The switch to NVMe has led to experimentation and innovation with SSD form factors. In 2018 the Intel Ruler concept spawned a wide array of form factors under the Enterprise and Datacenter Small Form Factor (EDSFF) family of standards. Now that EDSFF has seen some real-world adoption, the options have been tweaked a bit and different product segments are starting to coalesce around particular variants. The E1.L (EDSFF 1U Long) form factor that most closely resembles the original Intel Ruler is best suited for dedicated storage boxes using extremely high capacity drives. The shorter E1.S form factor is proving to be the most popular EDSFF variant, and two different heatsink designs have been standardized, with the thicker heatsink intended to allow EDSFF slots to accommodate compute accelerators that draw more power than typical SSDs.
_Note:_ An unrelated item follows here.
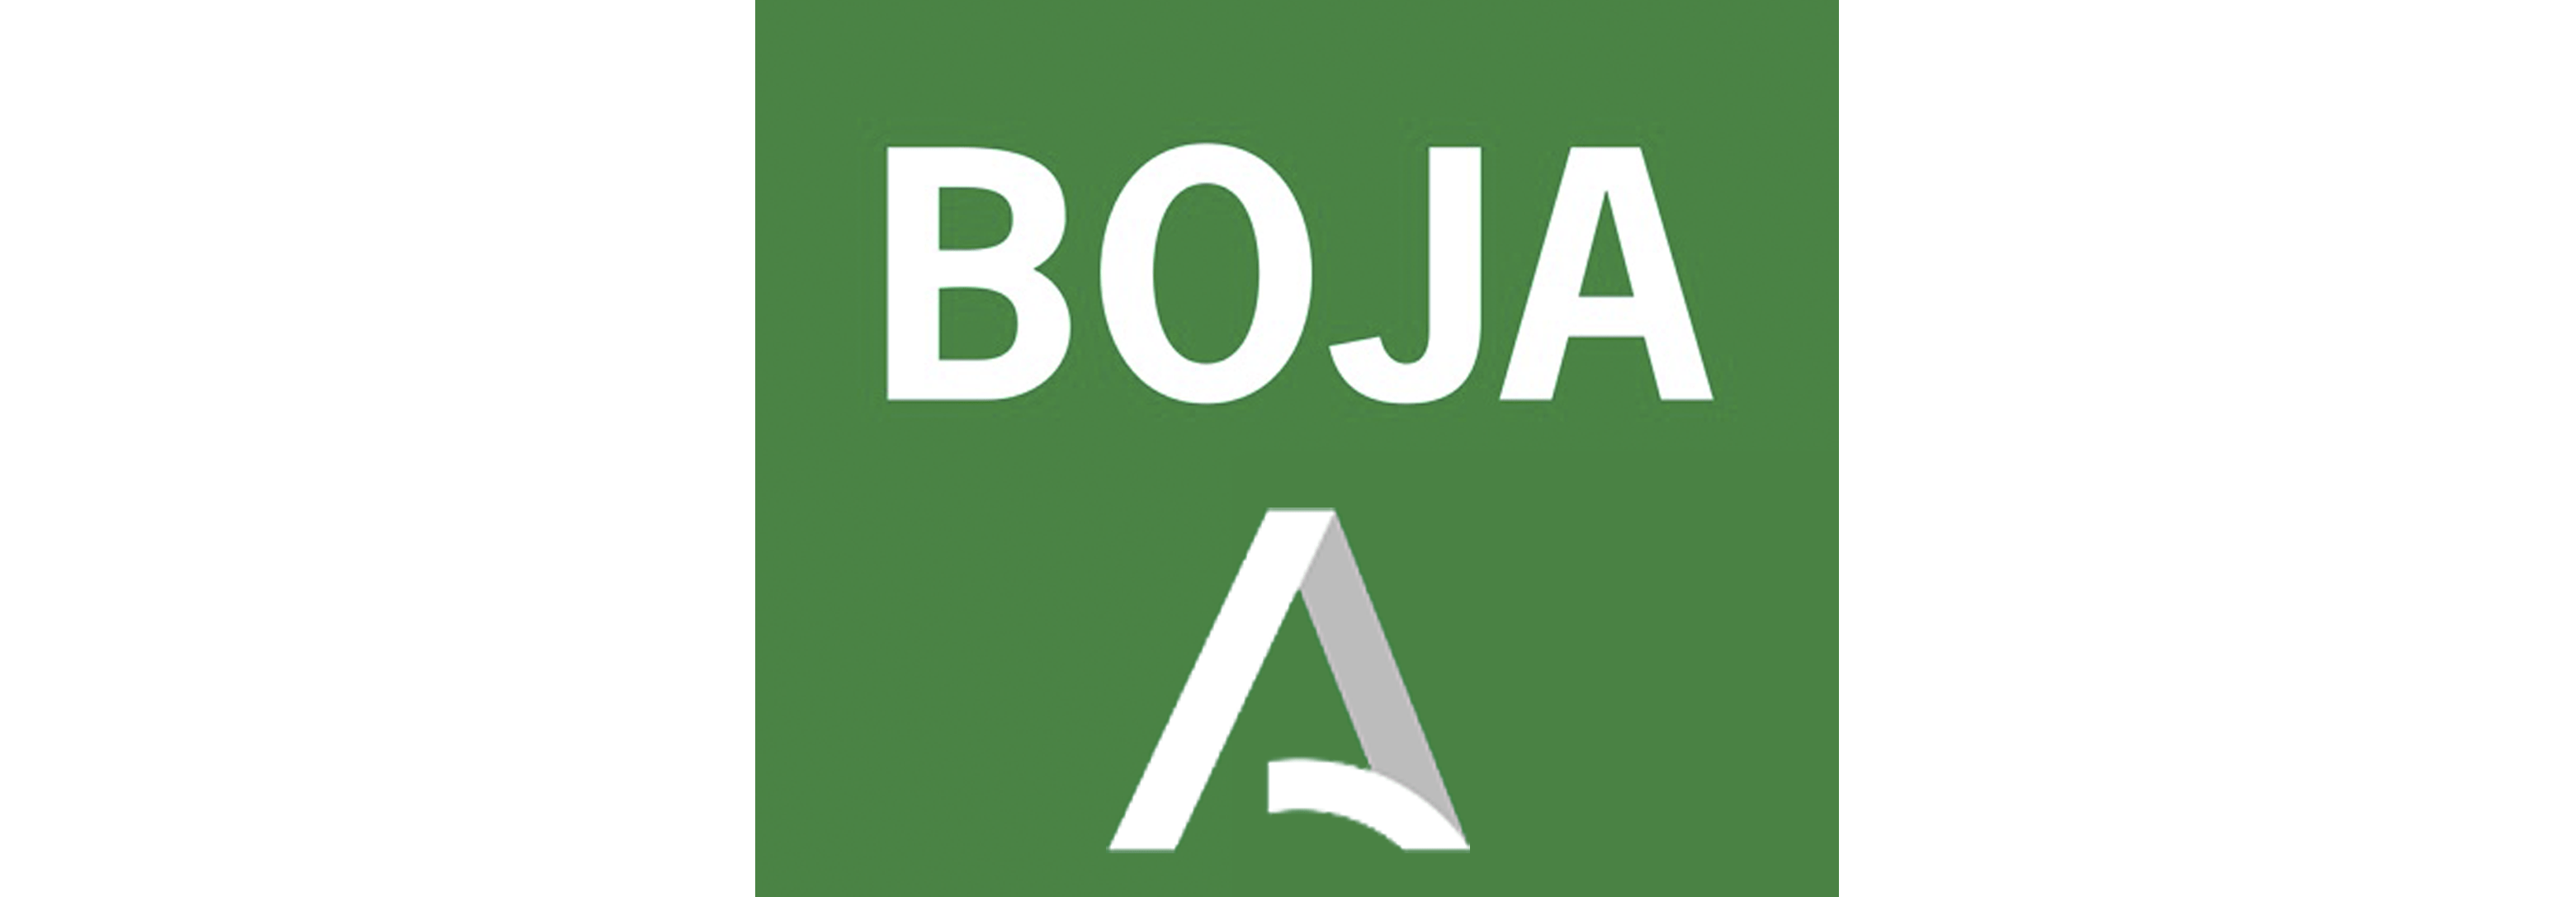 Logo y enlace a BOJA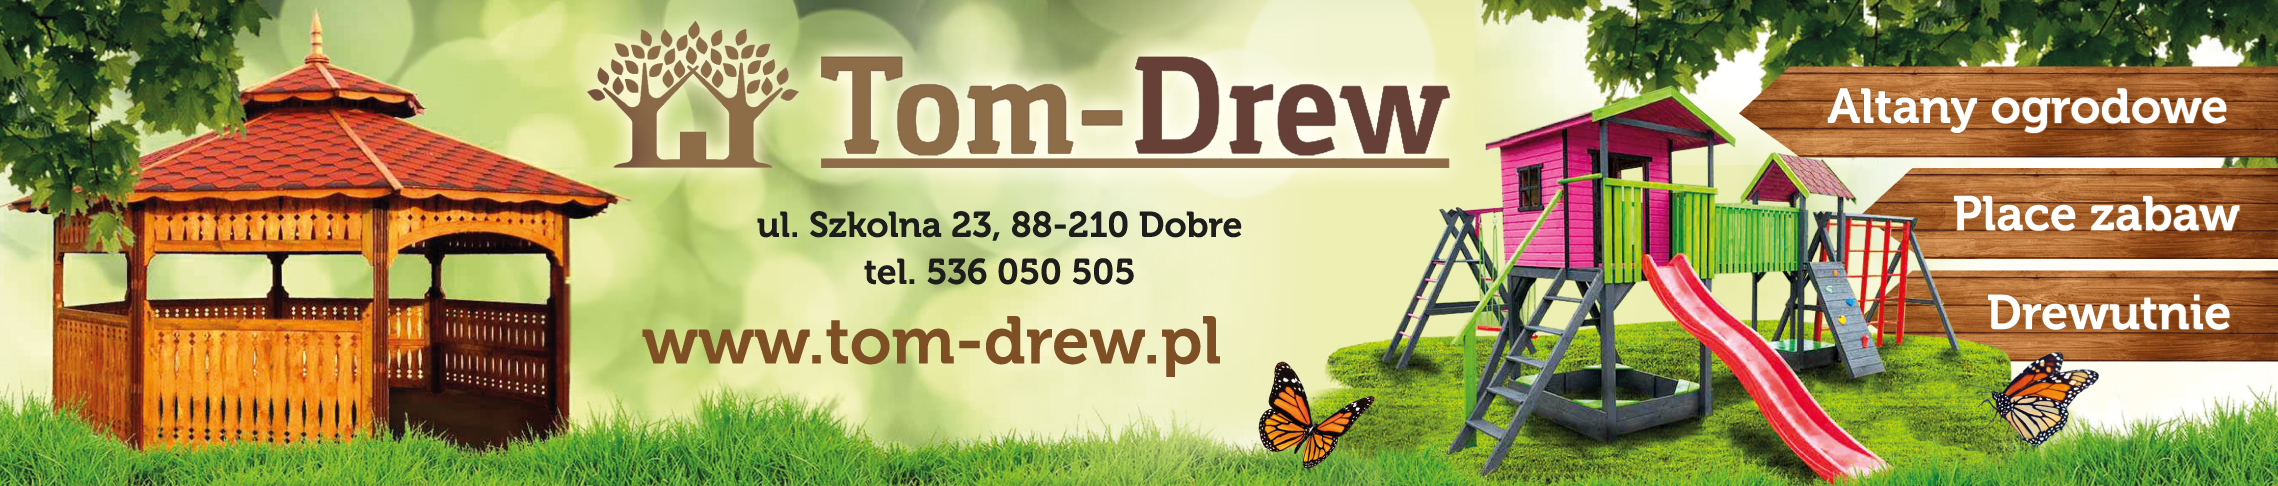 Grupa TOM-DREW Sp. z o.o sp.k. Dobre Altany Ogrodowe / Place Zabaw / Drewutnie

On the client/consumer side, M.2 still reigns supreme, but there's a trend among PC OEMs toward shorter card lengths like M.2 2230 instead of the M.2 2280 that is standard for retail SSDs. DRAMless NVMe controllers and single-package BGA SSDs along with high-density 3D NAND have drastically reduced the PCB area requirements for 1TB and smaller capacities that make up the bulk of the client SSD market. High-end drives won't abandon M.2 2280, but many ultrabooks and tablets don't need that kind of storage and smaller SSD form factors give OEMs more flexibility in laying out system internals.

Toshiba/Kioxia has also proposed a new tiny form factor intended to be a replaceable alternative to BGA SSDs and significantly smaller than the smallest removable M.2 card sizes. Their XFMEXPRESS proposal might catch on in a niche of embedded systems, tablets and other portable devices.

Optane and 3D XPoint Mostly Stagnant

Intel's Optane products based on their 3D XPoint memory saw little progress this year. In the consumer market, the only new product was the OEM-only Optane Memory H10, which basically combined two existing products onto one board, adding new restrictive platform compatibility requirements in the process. Intel's planned but delayed Optane Memory M15 and Optane SSD 810P products that would have been the first PCIe 3.0 x4 options in the M.2 2280 form factor were ultimately cancelled, so there's still a big gap between the PCIe 3.0 x2 Optane M.2 drives and the Optane 900P/905P. As hard drives are increasingly disappearing from PCs, Intel has a hard time selling Optane as a caching solution.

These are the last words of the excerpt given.